Elsewhere it is the cormorant, the ravens, thorns, adders, and vultures.

Italian Renaissance writers are not vengeful but curious, reflective, flattered. The ruins are those of their intellectual and even physical ancestors, after all, and inspire them to better heights. The British at this time neatly divide into humors. Not that Shakespeare and the Elizabethans did not sprinkle their plays with bats and eyes of newt and the like, all on dark moors with strange fogs and witches and skulls buried a few inches below the soil surface. But these were literary contrivances, not real ruins to gaze upon, not yet, anyway.

Within a century or so, the ruins of classical antiquity provoke reflections of melancholy for some, but for others, the collecting of antiquities is a confirmation of empire-building, of moral superiority, and these bring back, like Elgin stealing whole Greek cities, as much as they can carry off. But the literary fashion was the discovery of ruins on one’s own soil, which inspires either genuine melancholy (always with a nobleman’s affectation) or outright pleasure. Macaulay quotes John Dyer’s poem “Grongar Hill,” describing a castle:

‘Tis now the raven’s bleak abode;
‘Tis now the apartment of the toad;
And there the fox securely feeds;
And there the pois’nous adder breeds,
Conceal’d in ruins, moss, and weeds;
While, ever and anon, there falls
Huge heap of hoary moulder’d walls.
Yet time has seen, that lifts the low,
And level lays the lofty brow,
Has seen this broken pile complete,
Big with the vanity of state;
But transient is the smile of Fate!
A little rule, a little sway,
A sunbeam in a winter’s day,
Is all the proud and mighty have
Between the cradle and the grave.

We are far beyond cursing an enemy’s proud towers or adding baneful props to a play or even the later cultural arrogance of antiquarian collectors. Dyer strikes the note of melancholy mixed with what Macaulay calls

cheerful enjoyment of the dismal scene, a brisk, approving gaiety, expressed in firm octosyllabic or decasyllabic lines, with satisfied enumerations of the gloomy objects perceived, and a good moral at the end.

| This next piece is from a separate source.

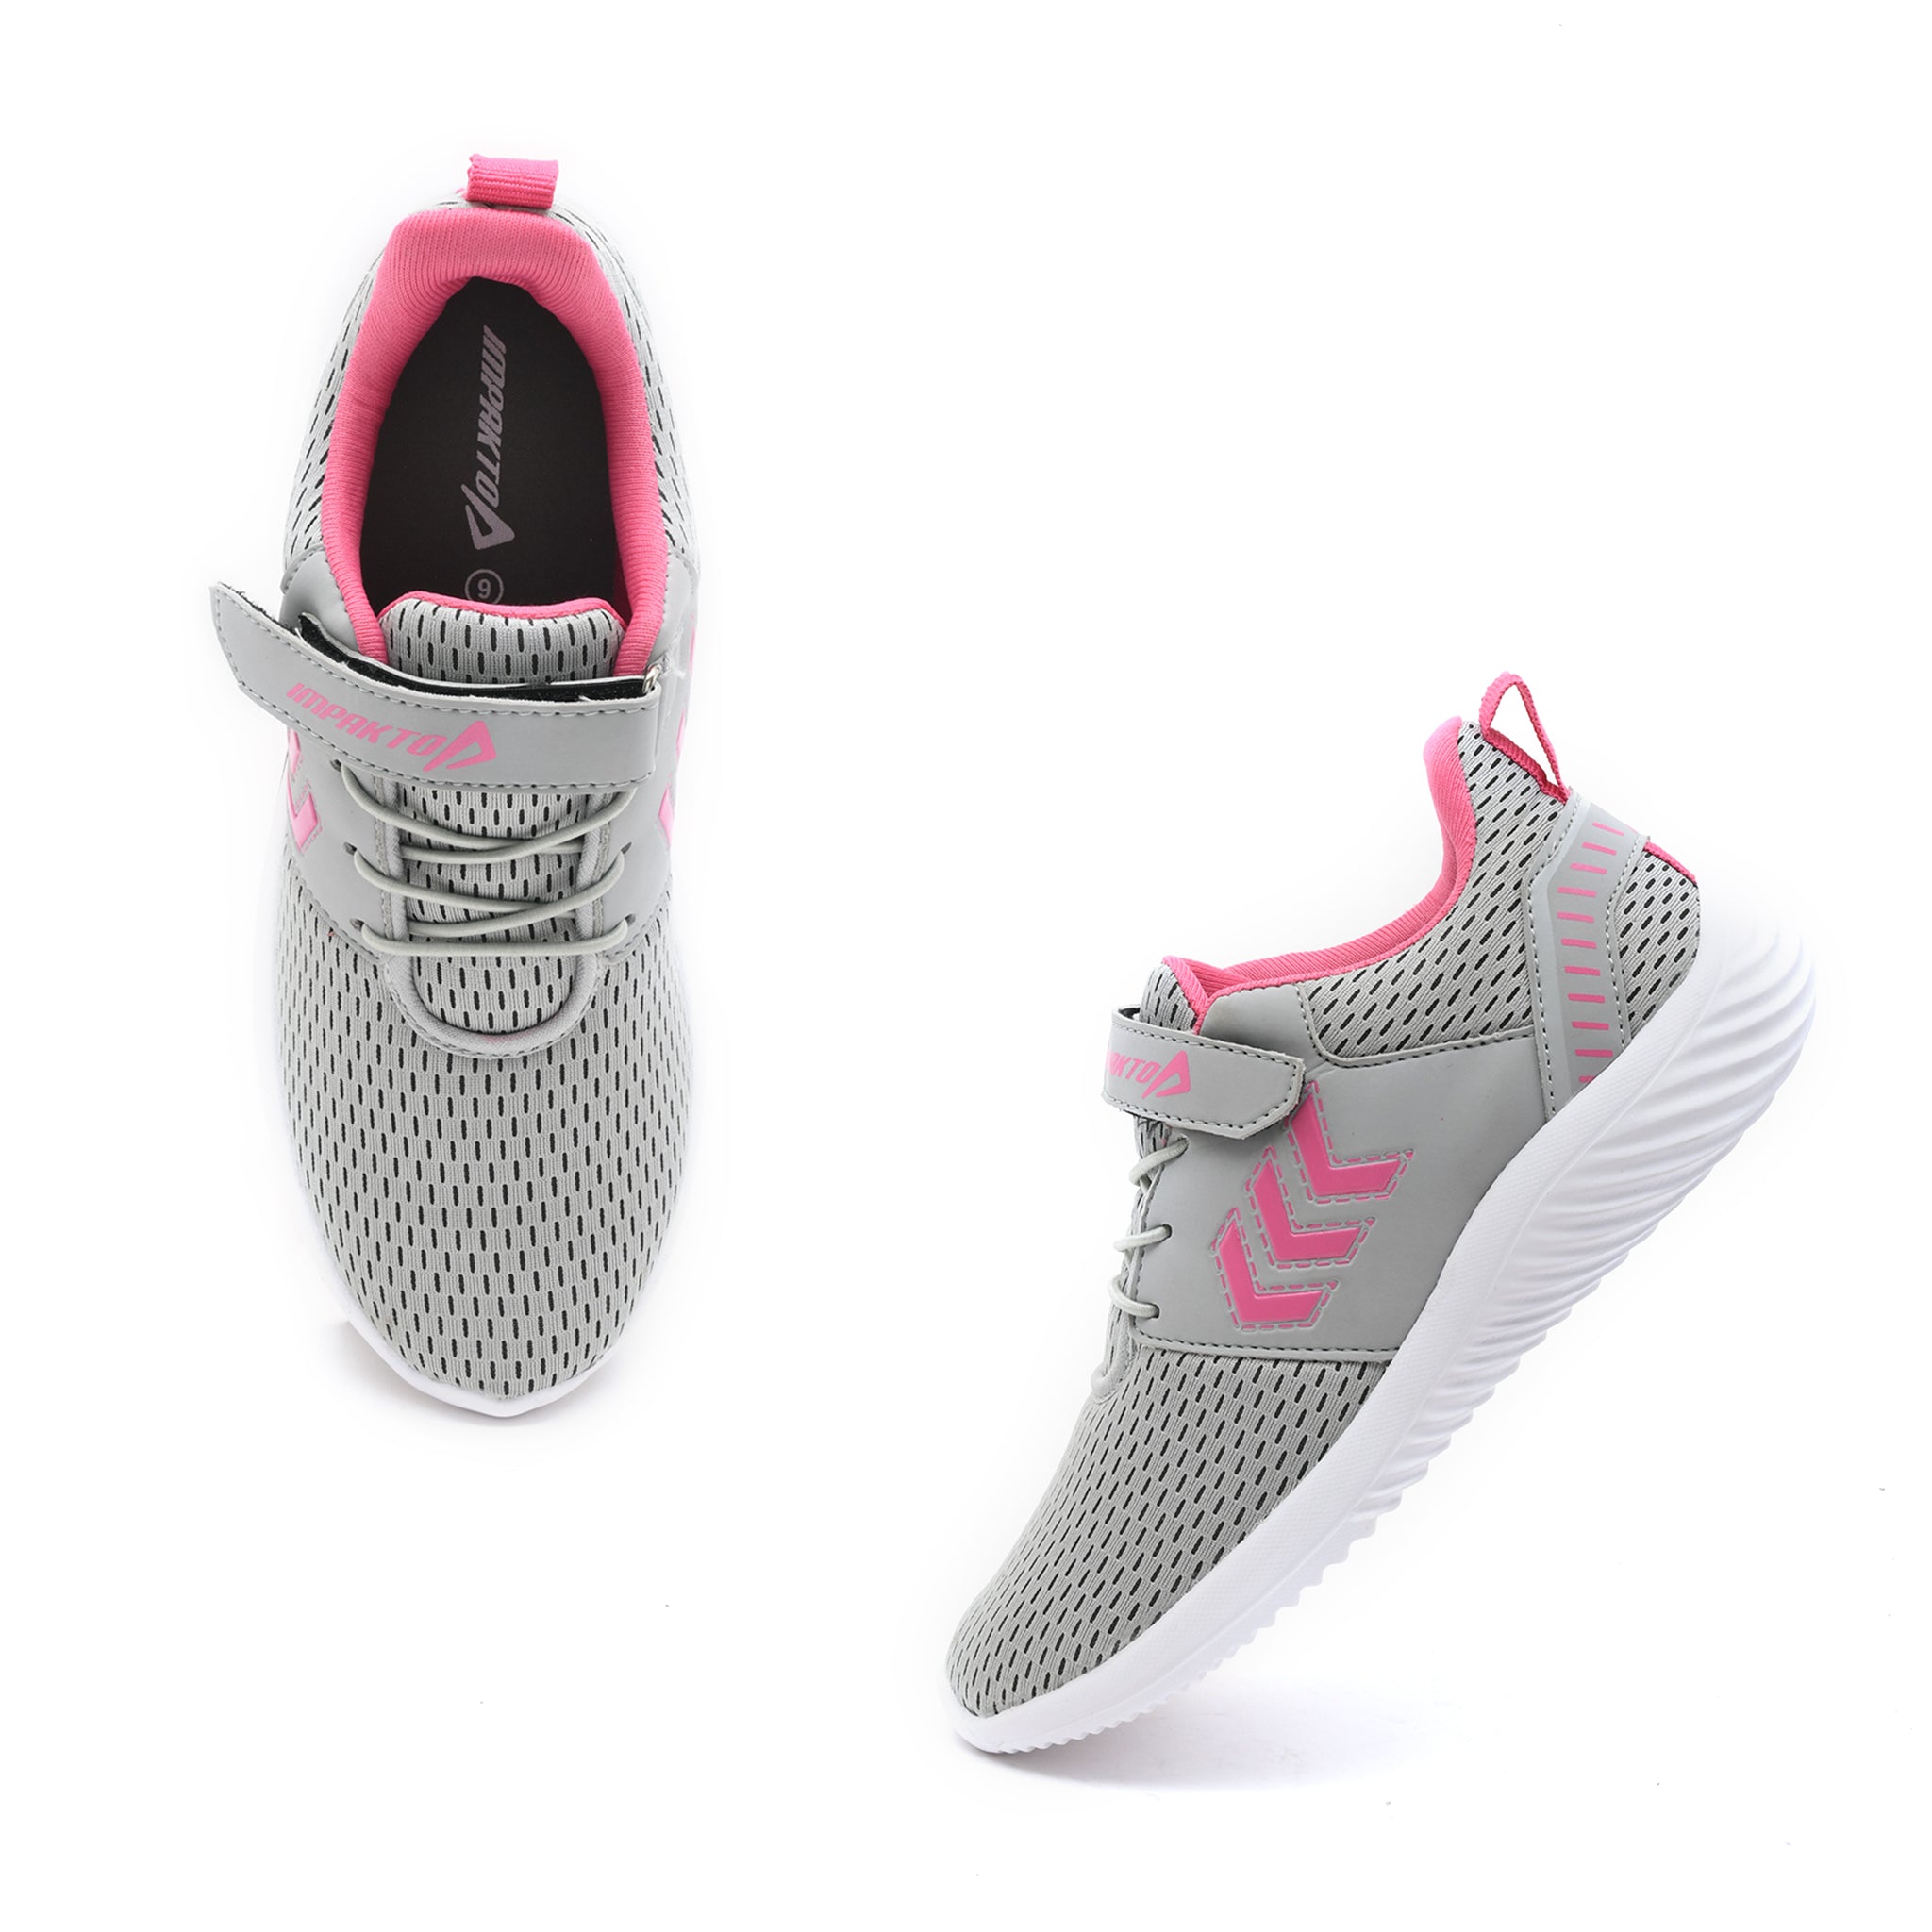 Impakto Celestial Grey Women's Running Shoes

Here Macaulay provides a valuable service in revealing an eerie side to our cultural psyche. Although the emphasis is especially British, the pleasures of melancholy are subtly expressed by all of the Western world. But — and here Macaulay only offers a few paragraphs — not the rest of the world. Not, she notes, the Arab, Indian, or Chinese. She notes the ancient Chinese reaction to ruins, ruins of war: the melancholy is genuine, the identification with the people in their last desperate hours is heartfelt and true. In particular, and not unexpected, is the identification of this suffering witnessed of a place familiar to the observer. Here Macaulay quotes a famous Chinese poem by Tsao Chih, written about the great city of the Warring States period:

In Loyang how still it is.
Palaces and houses all burnt to ashes,
Walls and fences broken and gaping,
Thorns and brambles shouting up to the sky. …
I turn aside, for the straight road is lost:
The fields are overgrown, and will never be plowed again.
I have been away such a long time
That I do not know which street is which.
How sad and desolate the empty moors are!
A thousand miles without the smoke of a chimney.
I think of the house in which I lived all those years:
I am heart-stricken and cannot speak.

Macaulay goes no further with non-Western opinion of ruins. But the sentiment of the Middle Ages is closer to the Eastern, as in the famous Old English Wanderer poem, reflection on the aftermath of war and human destructiveness. Our contemporary pleasure in ruins is videoed, televised, streamed, and made into movies for mass anesthetizing.

Almost an aside because Macaulay does not mention it but in passing is the fact that from the British view, the eccentric antiquarian view, can be seen the evolution of the idea of ornamental hermits to grace the ruinous appearance of a noble’s wide estate. The hermit is made another ornament, a column, a decaying wall, the remnants of an ancient abbey. The hermit by this era is but a ruin in the cultural sense, and so scarce that an ornamental one must be hired, instructed, and placed like an artificial flower in a sterile garden.